When e-cigarettes were first launched, manufacturers didn’t require any form of FDA approval, but with the market continuing to increase and numerous instances where they’ve exploded, the FDA had already announced that it would begin to implement regulations for the devices, potentially requiring FDA 510k approval of all devices.

How long does it take to get a FDA 510k approved?
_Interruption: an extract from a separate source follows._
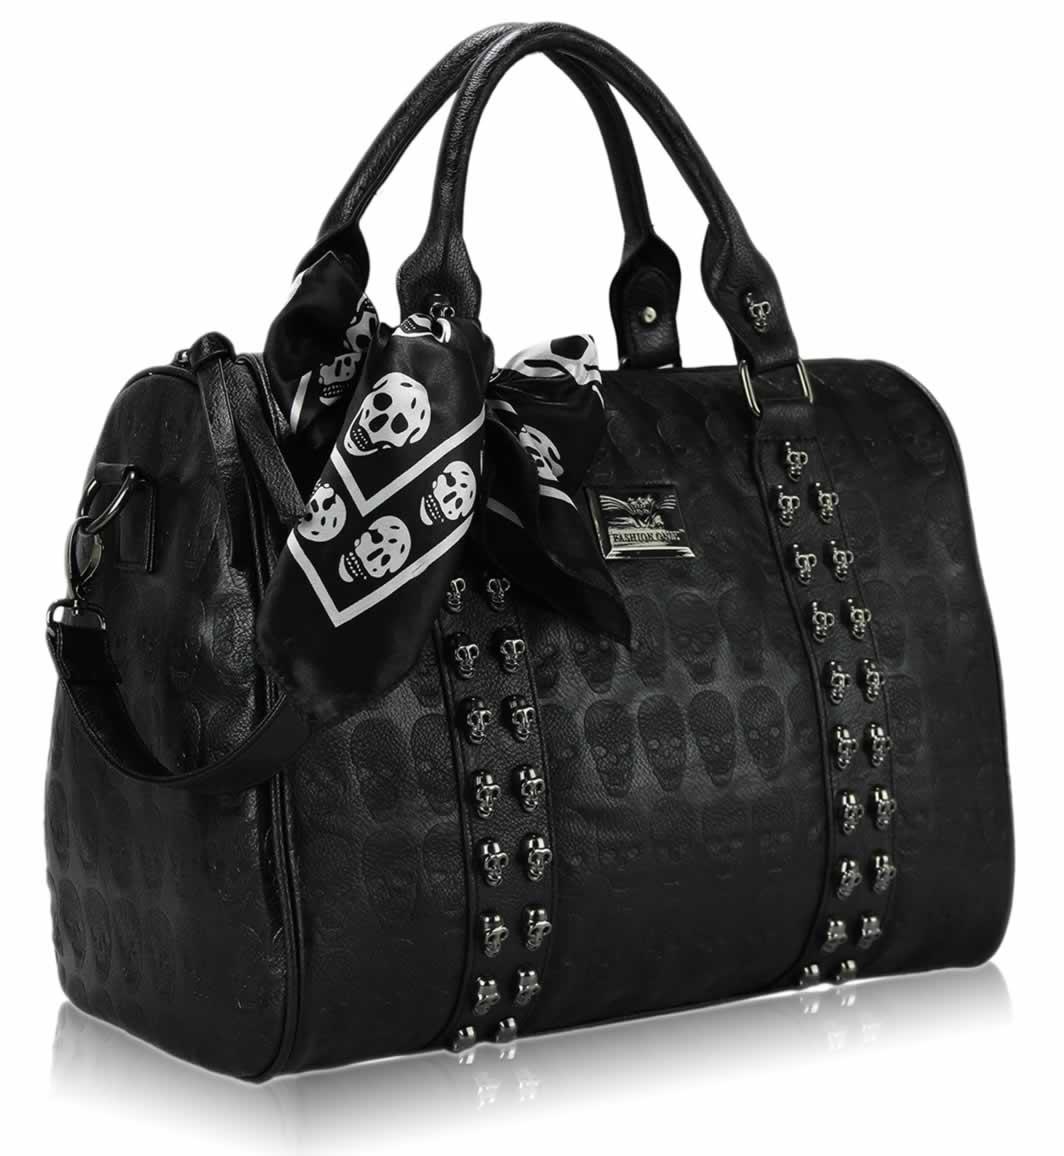 Sale Ls0050 Black Stunning Skull Studded Barrel Bag With Long Strap Ladies Handbags

The approval process will be an important step in ensuring the safety of users, as sales figures show no sign of slowing. Between 2015 and 2025, it is estimated that the global market will increase by $50 billion. In the UK alone, they are used by 2.6 million adults. Companies looking to gain FDA approval for these e-cigarettes can use sources such as http://www.fdathirdpartyreview.com/ to fast track submissions.

How e-cigarettes work

E-cigarettes work by heating liquid nicotine, which then becomes a vapour, to be inhaled by the user. They use powerful small lithium-ion batteries, which appear to be the source of the explosions.

From 2015 to early 2016, the FDA looked at 66 cases where e-cigarettes had exploded and the batteries had overheated and then caught fire or blown up. In many instances, these were not serious, but there have been cases where users have been burned or maimed, including facial bones and teeth being shattered, following such explosions. In the year to October 2016, the University of Washington Regional Burn Center saw 22 patients that had received burns or other injuries from e-cigarettes.

The FDA will report on its findings following the workshop, and interested parties are able to submit public comments or attend the public workshop online or in person if they so wish.